The total number of cluster expansion energy evaluations required to train and sample the AgPd and CuAu models with SEGAL were 1.3 × 10^{7} and 3.0 × 10^{7}, respectively. The baseline metadynamics simulations required 4.1 × 10^{7} (AgPd) and 3.6 × 10^{8}(CuAu) energy evaluations. However, we note that due to the increased accuracy of the metadynamics simulations, highlighted by the detection of the Au_{3}Cu phase, these values are not directly comparable. The NESS values of these larger models (Supplementary Fig. 10) exhibit many of the similar trends as previous experiments, such as low values in the vicinity of phase transitions. In contrast, NESS values in the disordered phases can be less than 10^{−2}, significantly lower than those observed for the smaller AgPd alloy and the Ising system. As a result, the efficient scaling of SEGAL models to large cell sizes of complex alloys is an outstanding challenge but holds promise for the simulation of multi-component systems.

## Discussion

We have shown that general-purpose generative models for statistical physics can be readily modified for applications computing thermodynamic quantities in materials science. In particular, transforming to the semi-grand canonical ensemble avoids interfaces between competing phases and allows for greater control over the exploration of experimental order parameters such as composition and atomic ordering. Furthermore, a single model with no training examples from previous simulations can generalize across a wide range of constraints and accurately determine thermodynamic potentials, observables, and stable phases. SEGAL does not restrict the form of the potential *U*(**S**) in any way and can be trained with crystal graph convolution networks^{54} or other approaches capable of modeling complex multi-component systems^{59}. As a result, generative models have the potential to become a useful tool alongside standard lattice simulation techniques.
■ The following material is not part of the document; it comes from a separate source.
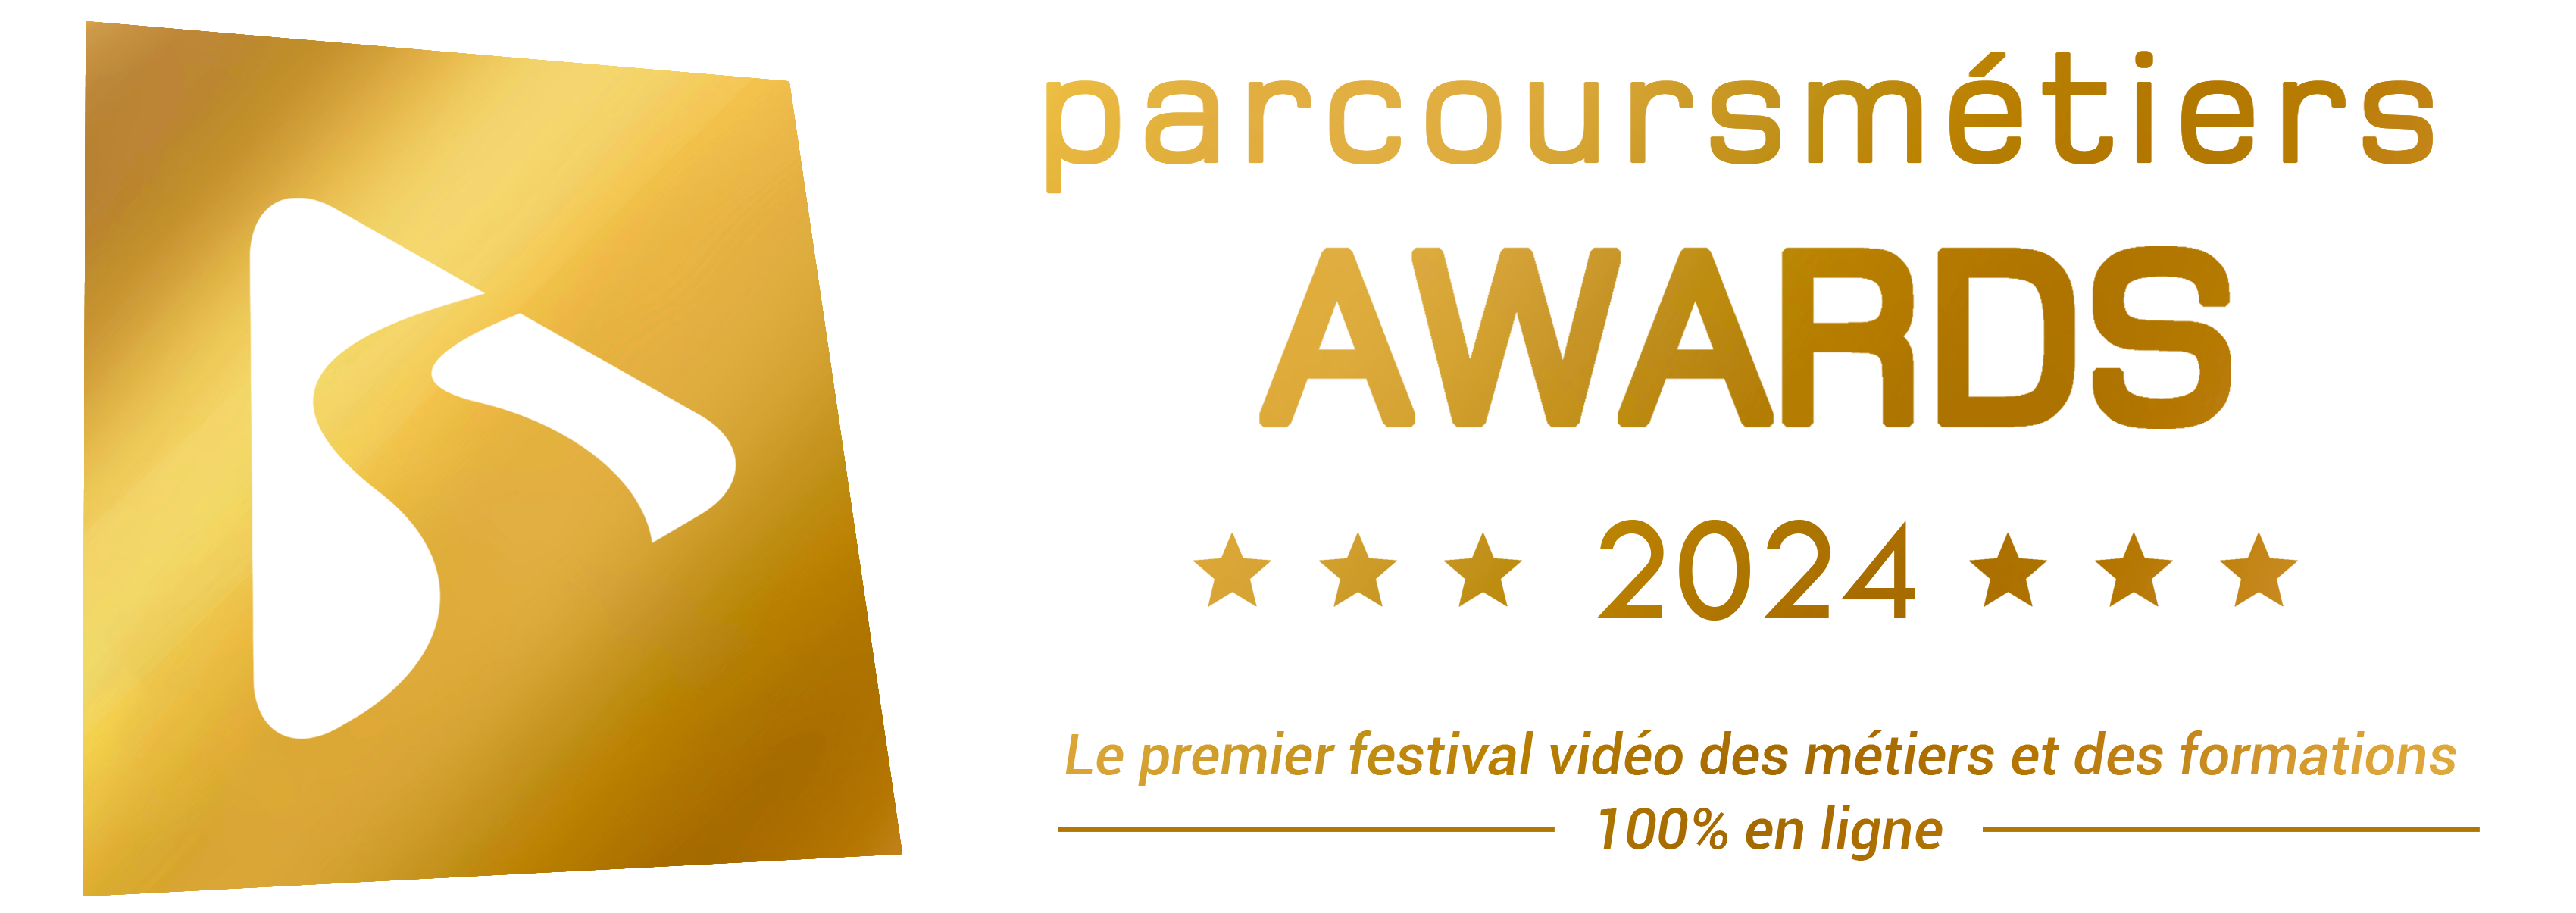 Parcoursmetiers awards 2024

While the approach is promising, a number of algorithmic changes are needed improve its scalability and performance. The current architecture can be more sample efficient than baseline methods but does not scale to cell sizes comparable to those of typical simulations, which introduces finite-size effects and limits the precision of the final estimates. Though the problem of designing exact-density generative models capable of performing state-of-the-art calculations has not been completely solved^{34,60}, research directions for further improvement have been proposed, including implementing the autoregressive network using graph convolutional layers to utilize the symmetry of the crystal system^{34} or exploiting the local structure of the energy model to improve the scalability of the generation process^{61,62}. Another crucial step is to refine SEGAL’s sampling performance near phase transitions. SEGAL’s ability to identify these regions through a change in typical states and the associated decrease in NESS values could allow for modified training strategies. In particular, training batches can be more frequently focused in regions with low NESS so that additional examples can help the model to improve in cases where the learning task is difficult. Alternatively, SEGAL could be supplemented with standard MCMC simulations run with constraints close to the critical values of temperature and chemical potential or with strategies to account for exponentially suppressed configurations that increase the variance of importance sampling estimates^{63}.

## Methods

### Thermodynamics ensembles

To draw samples from a particular equilibrium ensemble, lattice Monte Carlo simulations must be run under a chosen set of thermodynamic constraints. In the canonical ensemble, temperature and composition are fixed and system configurations are sampled according to their relative Boltzmann weight \(\propto {{{{\rm{e}}}}}^{-\frac{U}{{k}_{{{{\rm{b}}}}}T}}\). Free energies obtained through this approach can characterize a wide range of phenomena in statistical physics. However, when investigating multi-component materials thermodynamics, the free energy minimum can be achieved by any linear combination of phases that satisfies the composition constraints. Therefore, at equilibrium, multiple phases can coexist in a manner that cannot be represented with a single fixed lattice prototype without introducing phase boundaries. The presence of these multi-phase regions must then be inferred from non-convex regions of the free energy as a function of composition that was observed in the simulation. In order to alleviate this challenge, materials scientists often work in the grand canonical ensemble with fixed chemical potentials and temperature. In this ensemble, for each set of constraints only a single phase will be present at equilibrium, except at the critical values where phase transitions occur. As a result, simulations avoid multi-phase equilibria and are more well-suited to a single lattice cell. While GANs have been applied to the grand canonical ensemble in the context of scalar field theory^{64}, most previous exact-density approaches^{27,28,34} have modeled the canonical ensemble.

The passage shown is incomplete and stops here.